In an attempt to provide some reassurance and dispel fear over the reports that HPV vaccine causes POI, the daisy experts have written a brief overview of the evidence which suggests that there is no clear association between HPV vaccination and POI .
There has been much controversy about whether the HPV quadrivalent vaccine, Gardasil or the HPV bivalent vaccine Cervarix can cause premature ovarian insufficiency in adolescents or young women over the last few years and indeed recent reports of premature ovarian insufficiency occurring after HPV vaccination has received national media attention, and has been circulated widely on social media and other internet sites.
Such reports were based on a small case study of 3 adolescent girls who experienced premature ovarian insufficiency shortly after administration of the vaccine in Australia, -whose doctors believed subjectively were due to receiving the vaccination and subsequently these cases were reported to the The Vaccine Adverse Reporting System (VAERS) in Australia
There are some clear known causes of POI, these include chromosomal abnormalities, chemotherapy or radiation therapy after treatment for certain cancers and Fragile X syndrome. However, causes of this condition remain largely unknown. It is the lack of understanding of how and why premature ovarian insufficiency occurs that allows such claims to be made that vaccines can be the cause.

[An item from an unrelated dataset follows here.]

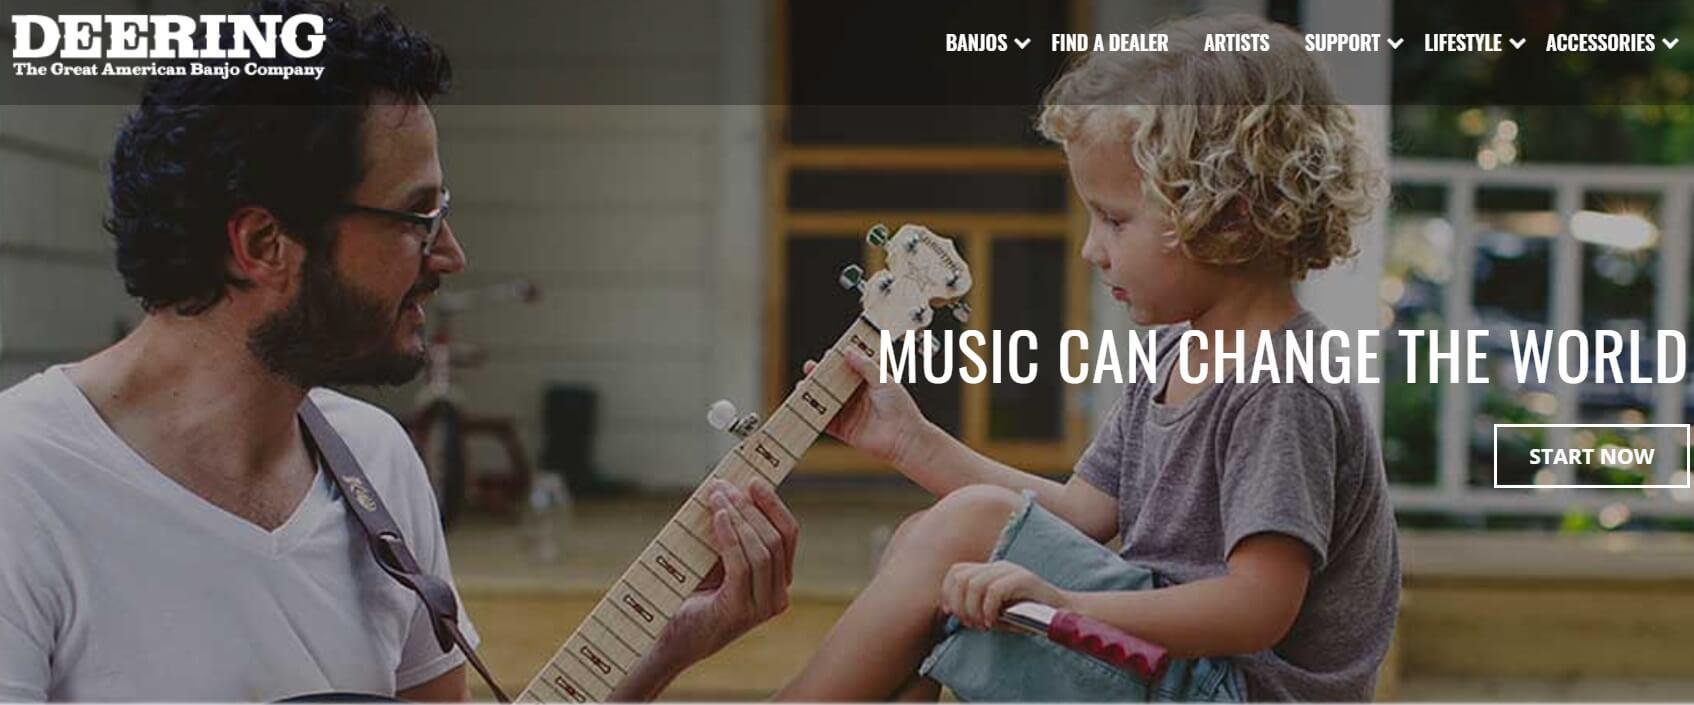 Deering online music banjo community with online banjo lessons

The published case series must be interpreted with caution as the authors of the series included small samples of young women presenting for care at selected clinical sites, and relied on self-reported vaccine exposures, which lacked controls.
Even if correlation is reported, it does not prove there is a causation between having the vaccine and developing POI.

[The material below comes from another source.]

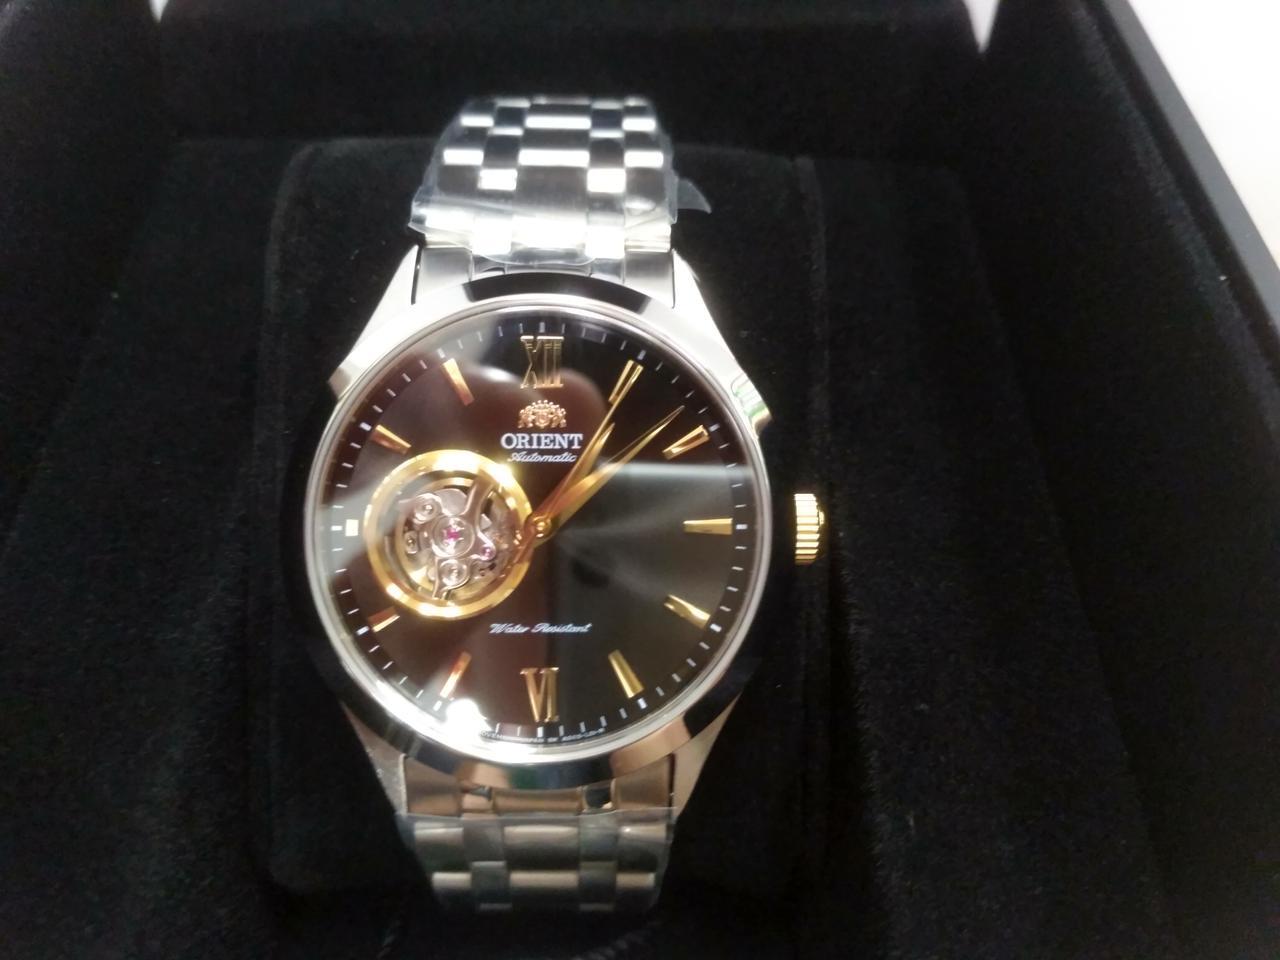 Часы ORIENT FAG03002B0   ОРИЕНТ   Японские наручные часы   Украина    Одесса e1b1d8fdc6f5e

In contrast Researchers at Kaiser Permanente Centre for Health Research studied the safety of the human papillomavirus vaccination in regards to primary ovarian insufficiency. The findings of the study were published in August 2018 in the journal of Pediatrics. Despite the importance of the findings , the results, in contrast to the media attention received from the small Australian case study practically went under the radar, with almost no press coverage.

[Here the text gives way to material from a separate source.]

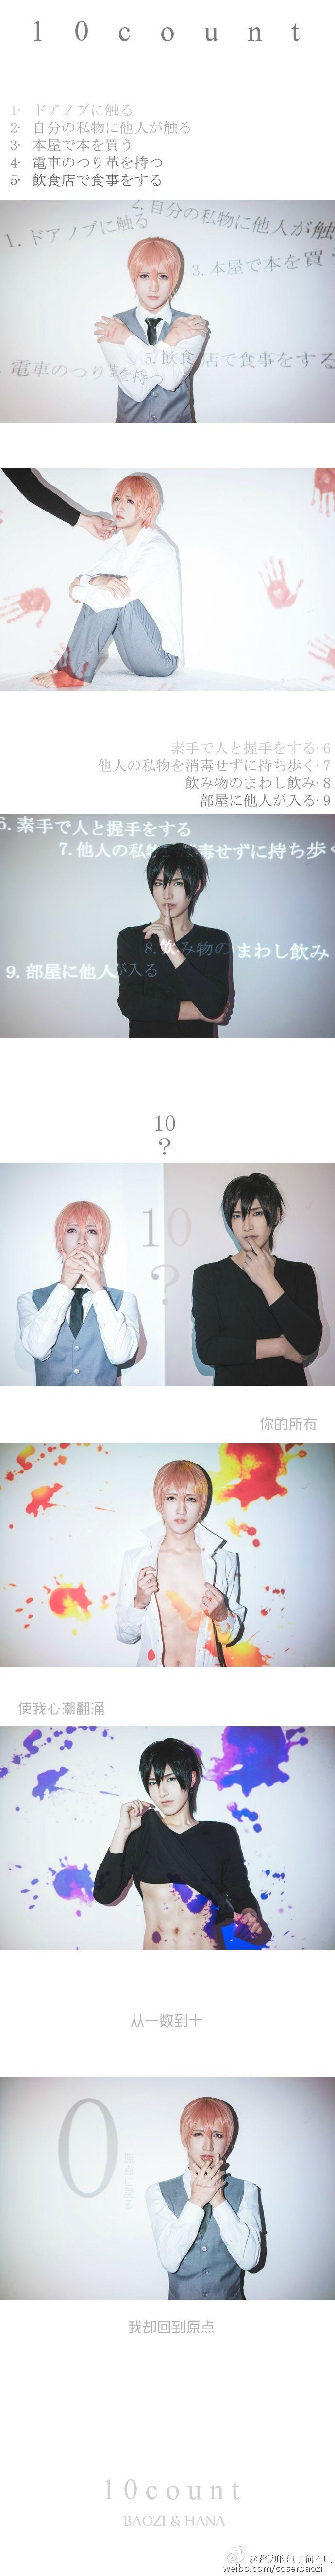 Bishie hunter,Ulzzang,Ikemen & Boys Love!! ver.4 - Komik,Manga,Anime & Kartun - Hobi & Koleksi - CARI Infonet

The study itself led by Allison Naleway ,PhD ,was a collaborative study between the Institute for Health Research, Kaiser Permanente Colorado in Denver; the Department of Pediatrics at the University of Colorado; and the Immunization Safety Office at the CDC
The researchers identified 199,078 females 11-34 years old from August 2006 through the end of 2014 to be analysed.
In the study:
58,871 received the HPV vaccine.
46,231 received meningococcal conjugate vaccine
19,078 females received pertussis vaccine
84,783 received the flu vaccine.
They excluded 27 cases of premature ovarian insufficiency with a known cause, including genetic conditions or surgical removal of the ovaries, as well as coding errors and conditions before the initiation of the HPV vaccine .
Highlights of the results
“In a population of 58,871 young women who received the HPV vaccine during the study period, we found only one case of an individual who possibly had symptoms of primary ovarian sufficiency after vaccination,” Naleway said. “If POI is triggered by the HPV vaccine or another recommended adolescent vaccine, we would have expected to see higher incidence in the younger women who were most likely to be vaccinated. But we found no elevated risk for these individuals.”
“The safety of adolescent vaccines is important to CDC, as it is for parents and health care providers,” co-author Julianne Gee, of the CDC’s Immunization Safety Office, said. “While the safety of these other vaccines is well established, this important study offers additional population-based, scientific evidence that HPV and other adolescent vaccines do not negatively impact fertility in young women.”
Of course, this study was not without shortcomings. One such shortcoming, of course, is that there were relatively few cases to examine. Fortunately, POI is not common, particularly in teenagers. Similarly, there were also potential shortcomings associated with the use of a long exposure window between vaccination and POI diagnosis. Because the authors had no way of knowing what the optimal time window between vaccination and diagnosis authors noted that using a long exposure window had the potential to mask a true acute risk of POI after vaccination, but that limiting their study to shorter windows might miss an association. Still, despite these shortcomings, this is a resoundingly negative study.
In other words, this study failed to find any evidence that HPV vaccination, or any of the other three vaccines studied, were associated with an increased risk of POI.